Brightons is a village in the east of the Falkirk council area of Scotland. It is 2.7 mi south-east of Falkirk, 2.2 mi south of Grangemouth and 4.6 mi west of Linlithgow. It is surrounded by the villages of Polmont, Wallacestone and Rumford. It is central within the Braes area of Falkirk which makes it “Capital of the Braes”

== History ==
The village was built up around the sandstone quarry - known as Brighton Quarry - which was in operation from as early as the 17th Century. The Edinburgh and Glasgow Union Canal was built to the south of the village in 1822 and connects the village with the two main cities of Scotland. Later stone was carried by the canal to help build Edinburgh's new town in the 1830s and Falkirk's public buildings in the 1850s. The local church was built between 1846 and 1847 from stone quarried in the village and gifted by the quarry owner, Alexander Lawrie. The old quarry was then named Lawrie Park in his honour, though newer residents to the village call it Quarry Park.

== Amenities ==
Brightons is well catered for a village of its size. Main Street and Station Road include a pharmacy, a café, a Chinese takeaway, two grocers, a butcher, a florist, a hairdresser, a tanning shop, and an estate agent. Lawrie Park is a recreational area which has two football pitches, one of which is the home of Brightons F.C. Brightons Parish Church is located next to the community hall on Main Street.
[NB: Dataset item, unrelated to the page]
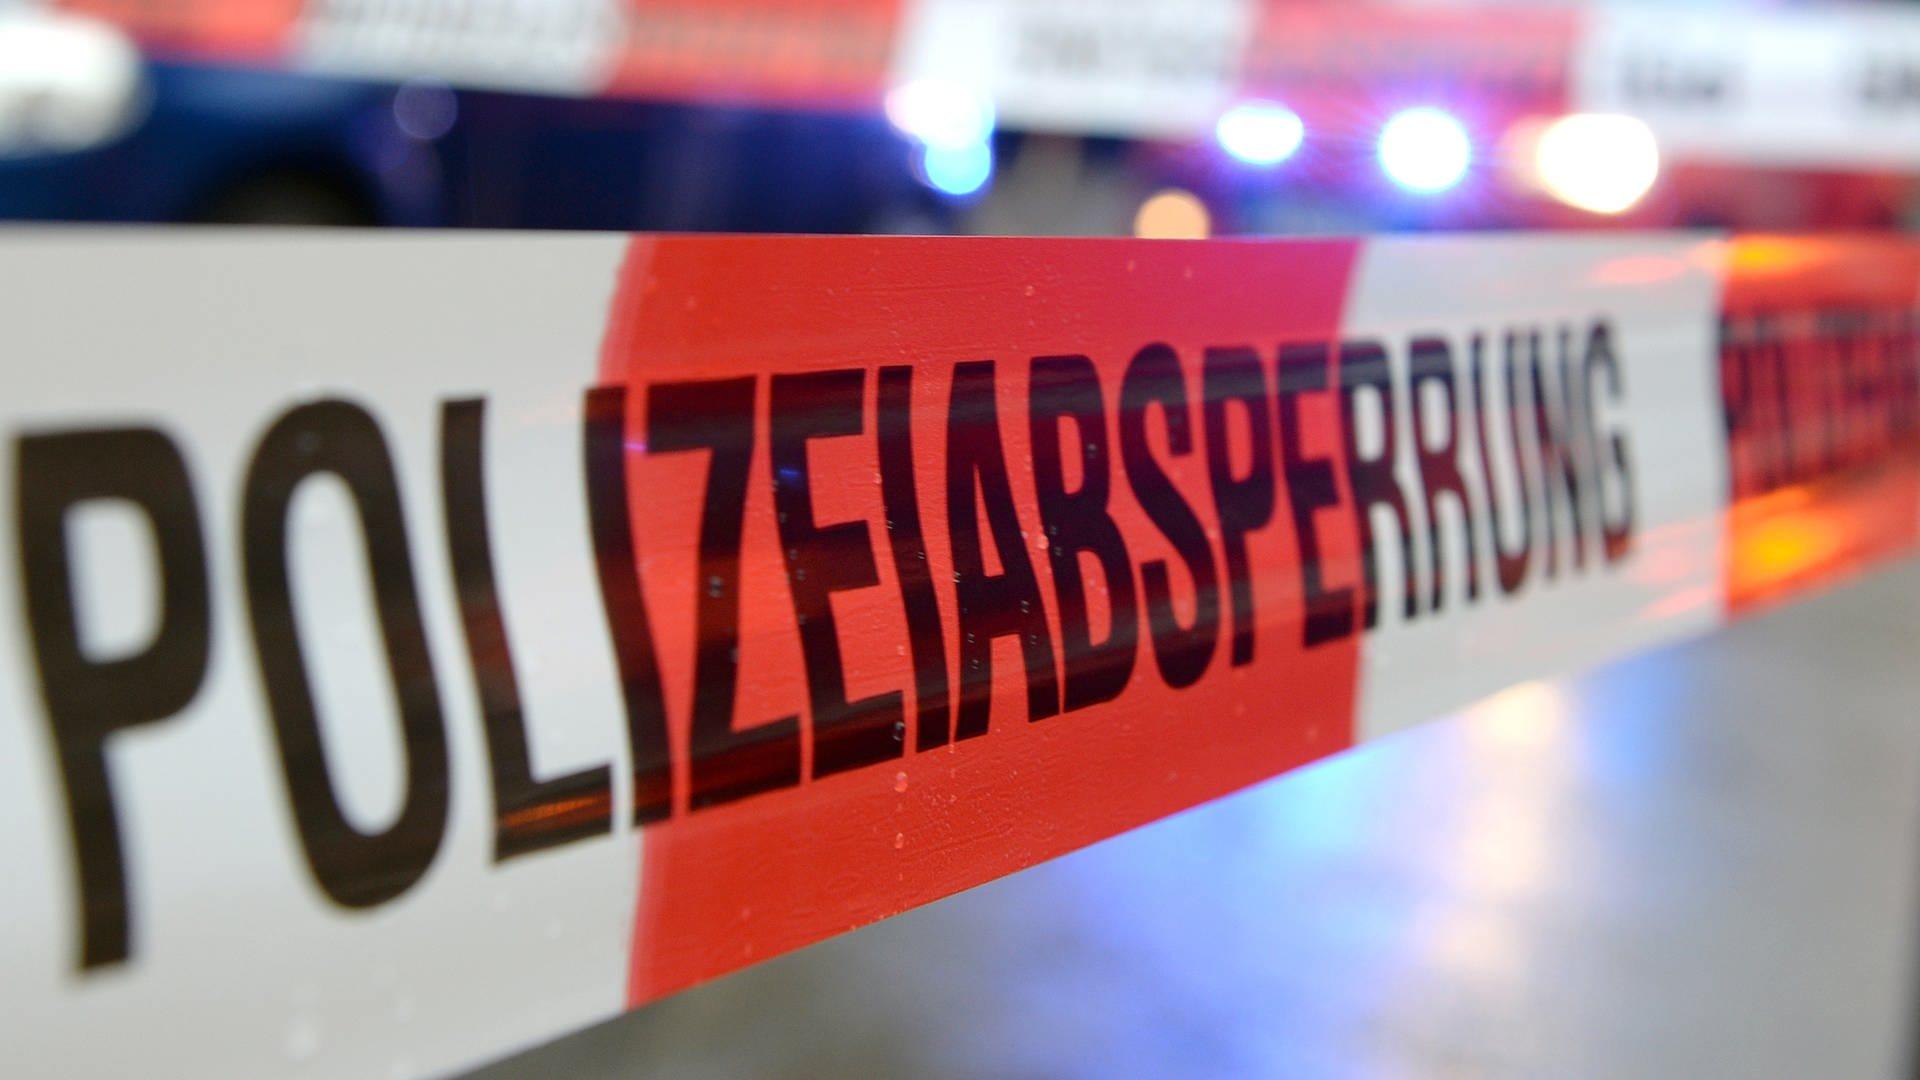 31-Jähriger mit Messer getötet

Due to its position, almost equidistant between Glasgow and Edinburgh the village has become a popular commuter location, with many new houses built since the start of the 1980s. Both the main Glasgow to Edinburgh and the Dunblane to Edinburgh trains stop at Polmont railway station which is within easy reach of Brightons. The M9 motorway to Edinburgh and Stirling is also easily accessible. Based on the United Kingdom 2011 census, Falkirk council reported the population of Brightons as being 4,461 residents.

==Education==
Despite its name Wallacestone Primary School is located within Brightons which sends its pupils to the local high school, Braes High School, in the neighbouring village of Reddingmuirhead.